Problem details: Restate the data exactly as given and keep the pictures out.

Dataset extract:

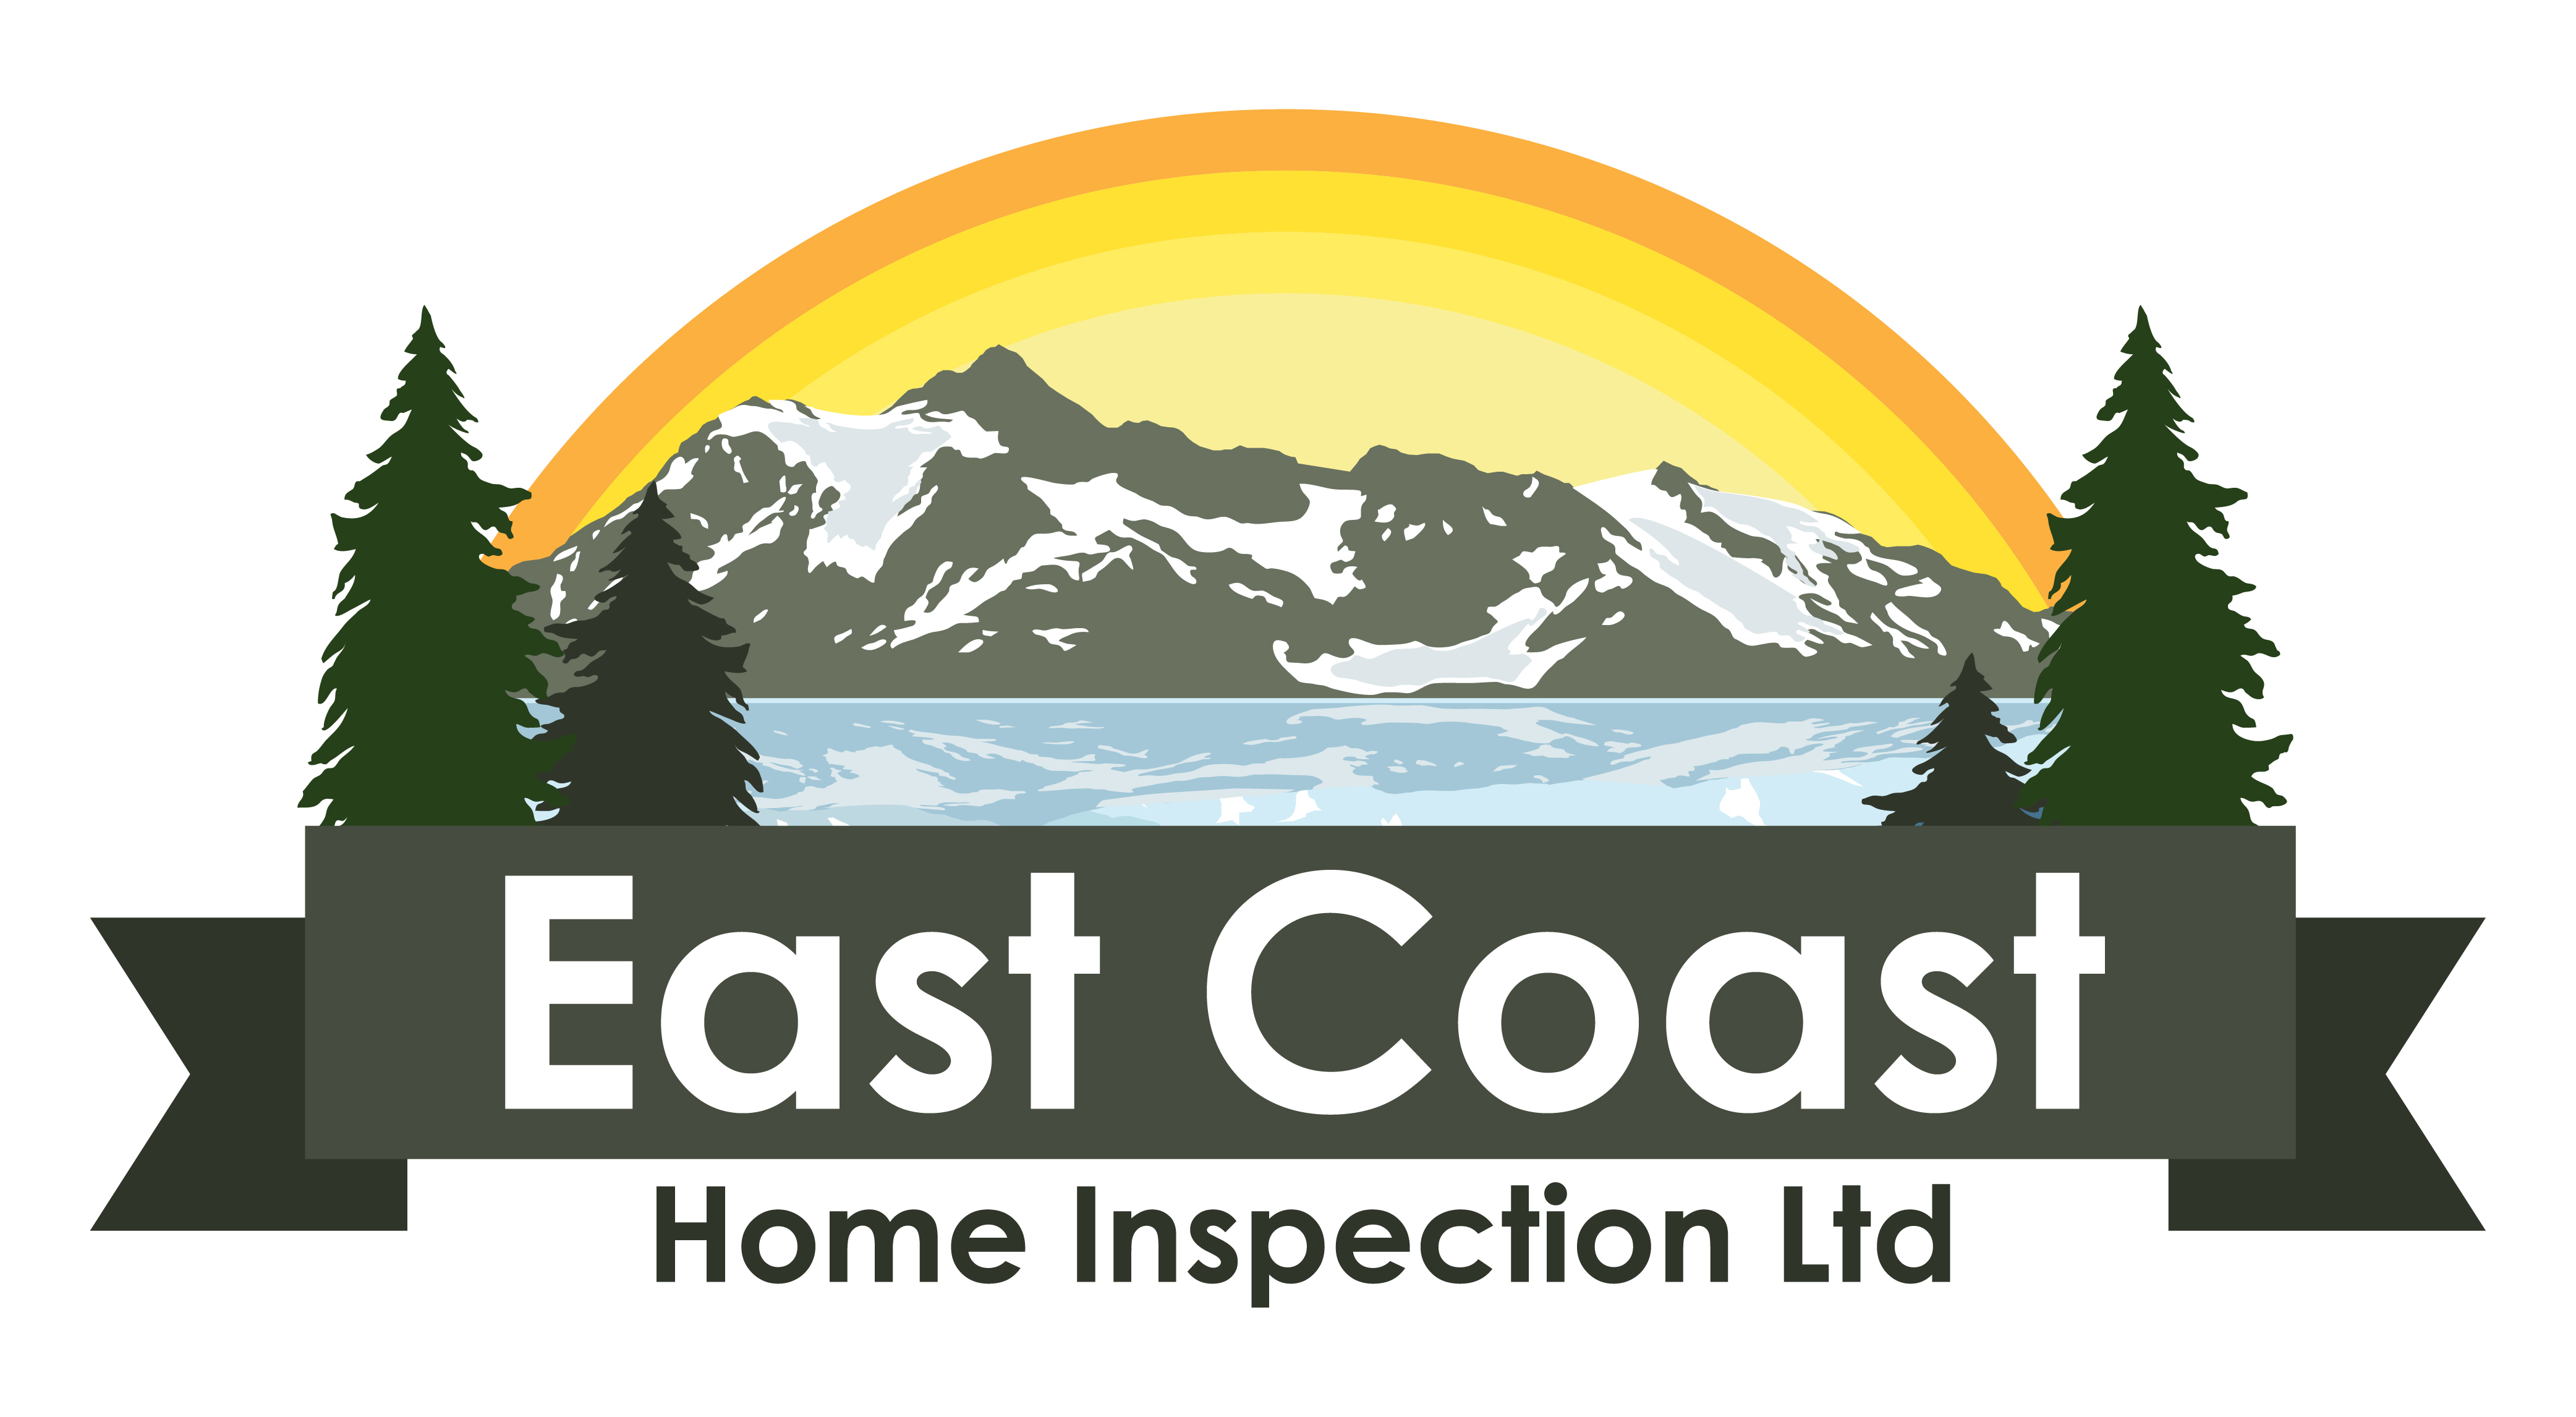 East Coast Home Inspection
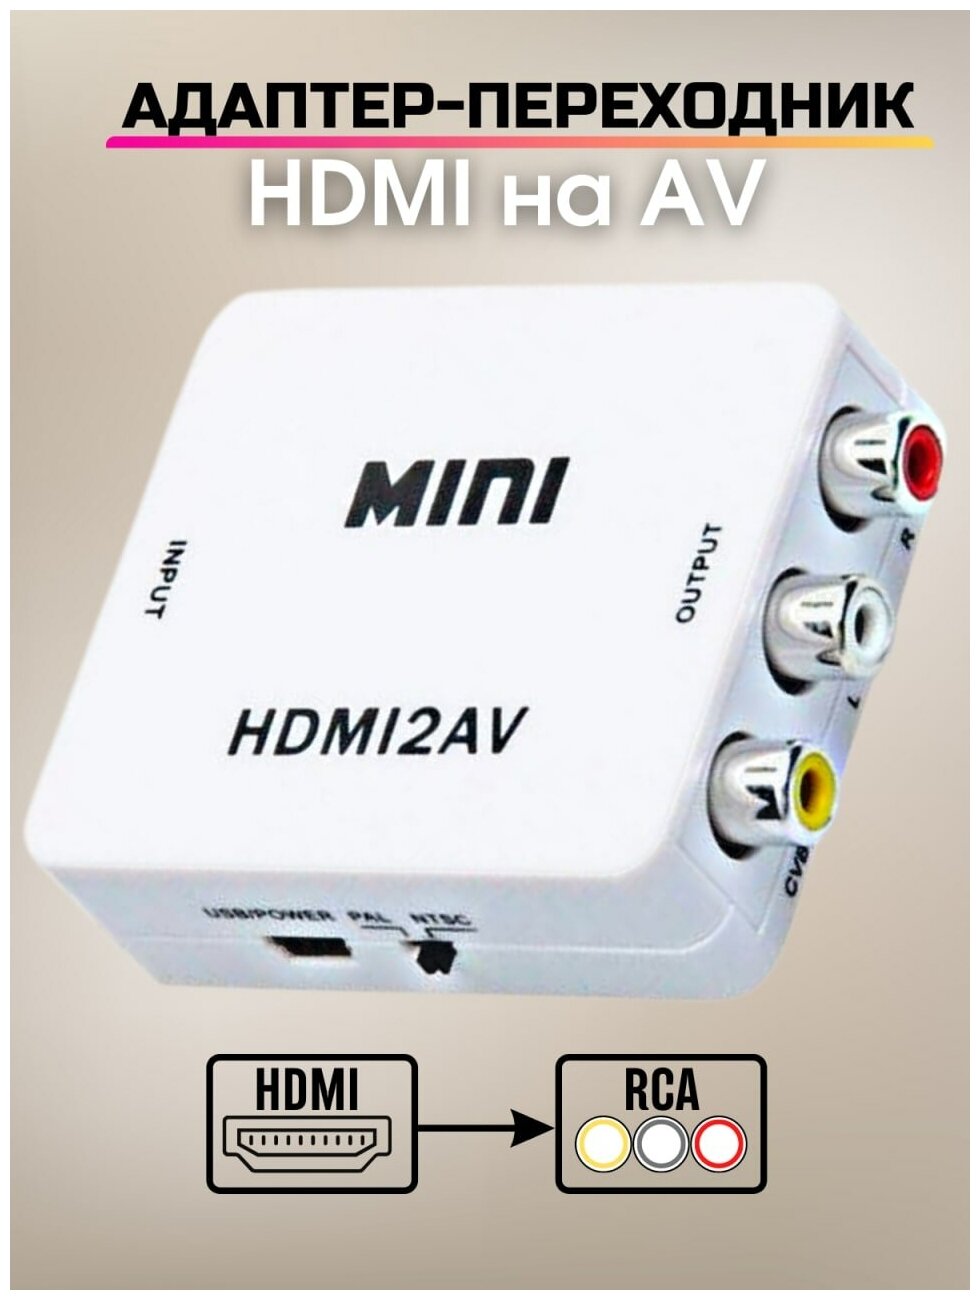 Переходник HDMI на AV
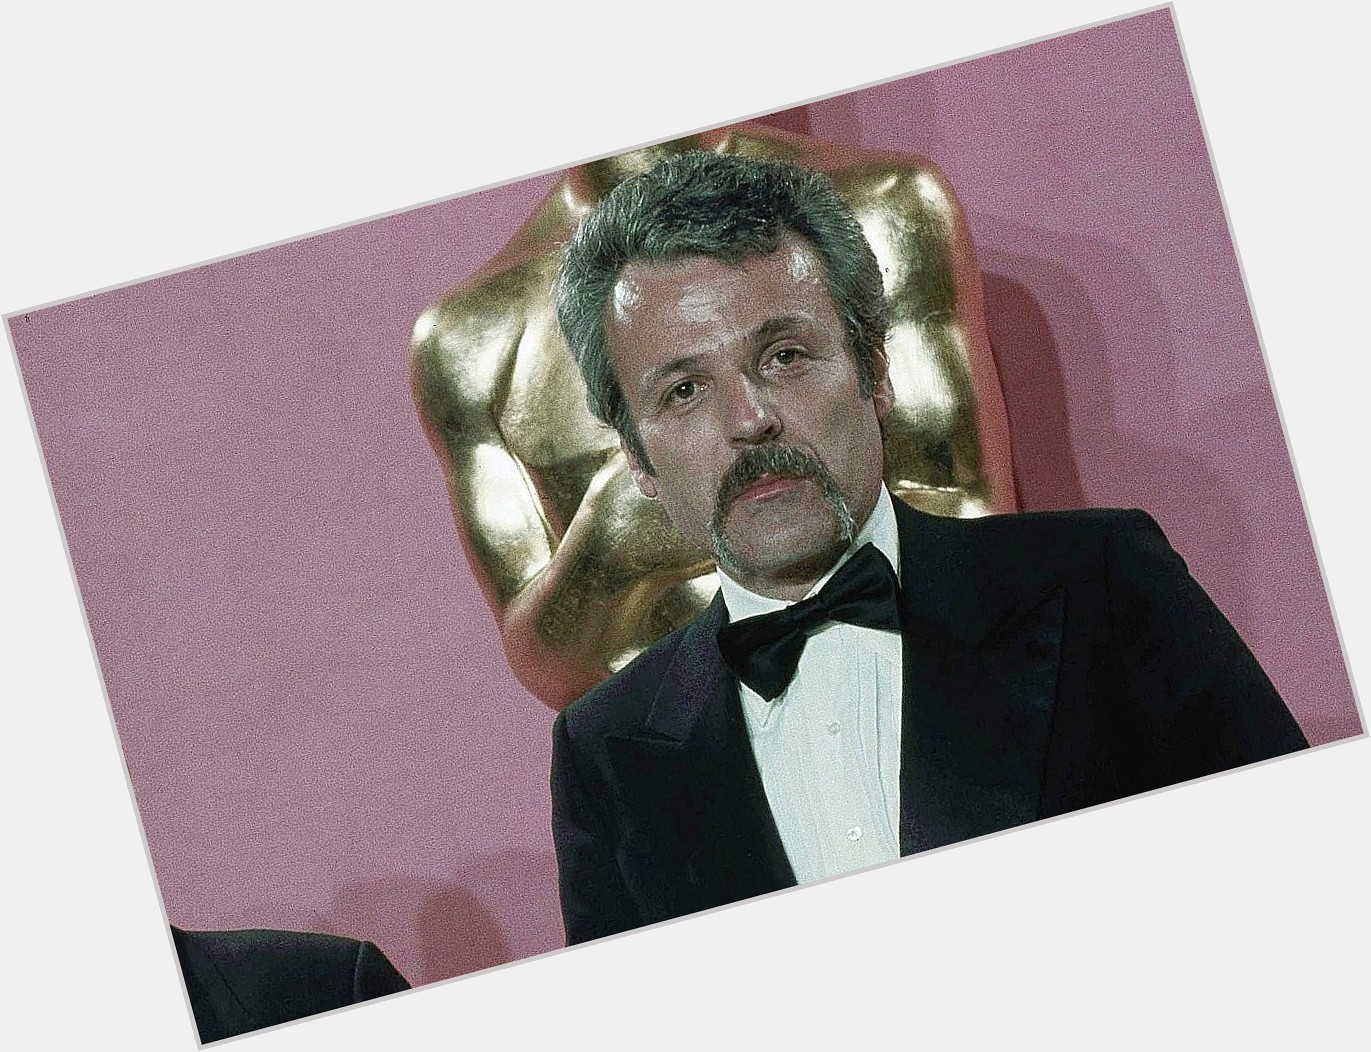 William Goldman, Oscar winner for ‘Butch Cassidy,’ has died
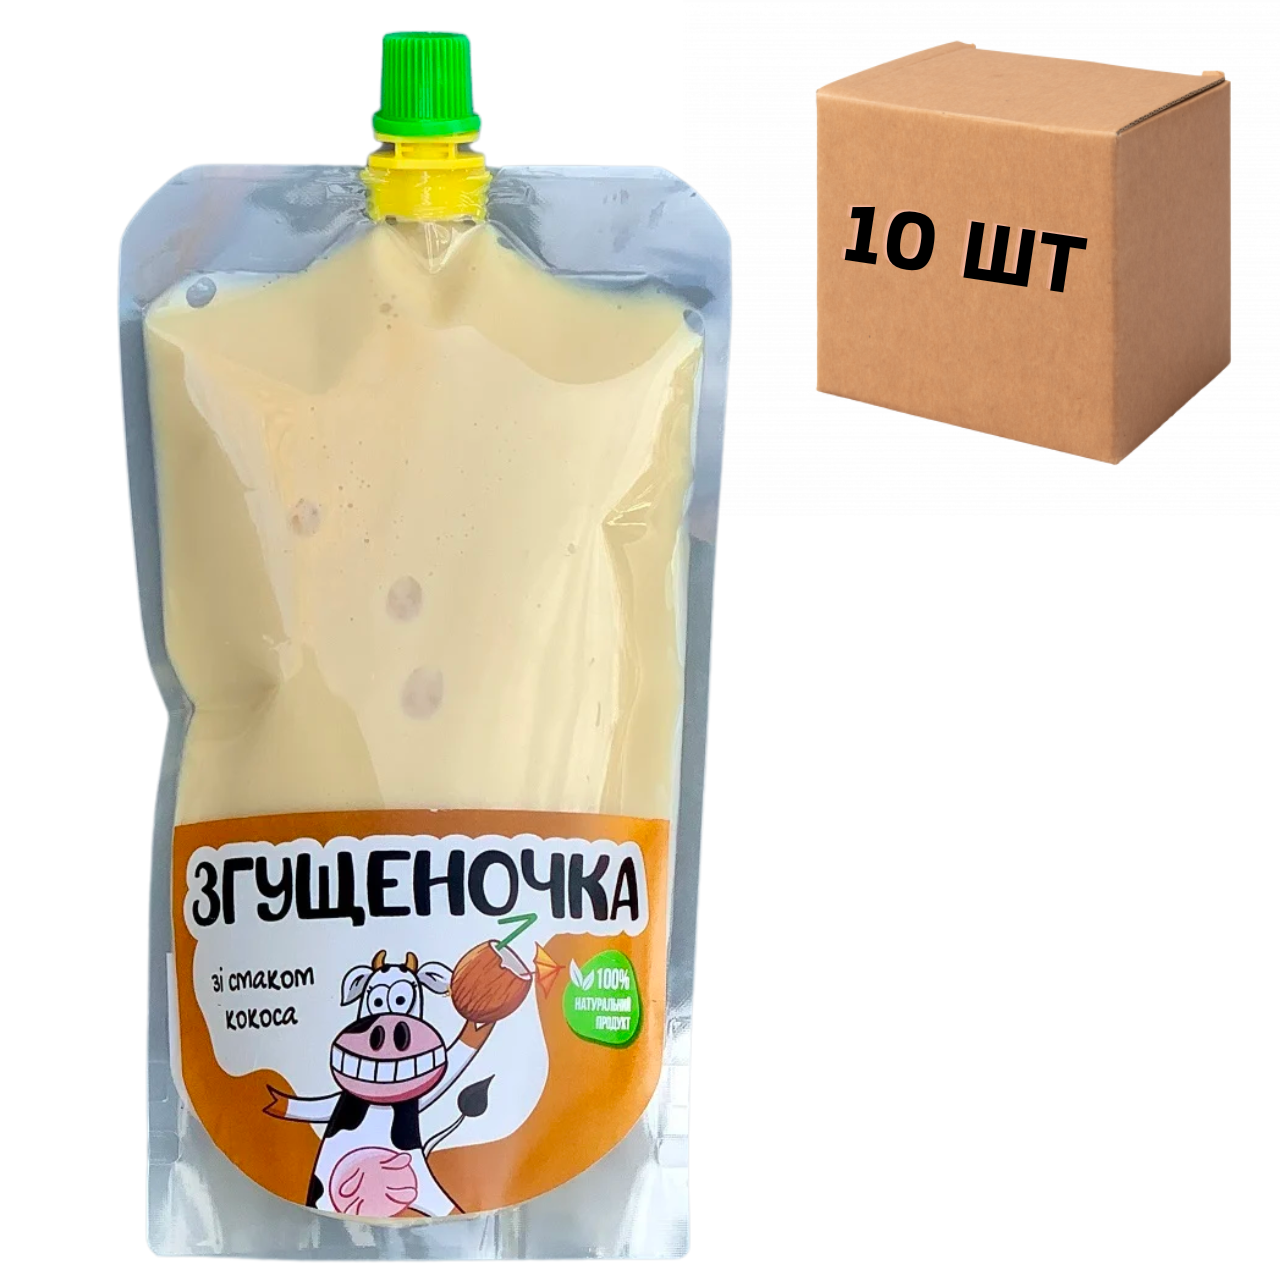 Ящик згущеного молока зі смаком кокоса в дой-паках 10 шт по 500 г.

Result for this exercise:
 East Coast Home Inspection
 Переходник HDMI на AV
 William Goldman, Oscar winner for ‘Butch Cassidy,’ has died
 Ящик згущеного молока зі смаком кокоса в дой-паках 10 шт по 500 г.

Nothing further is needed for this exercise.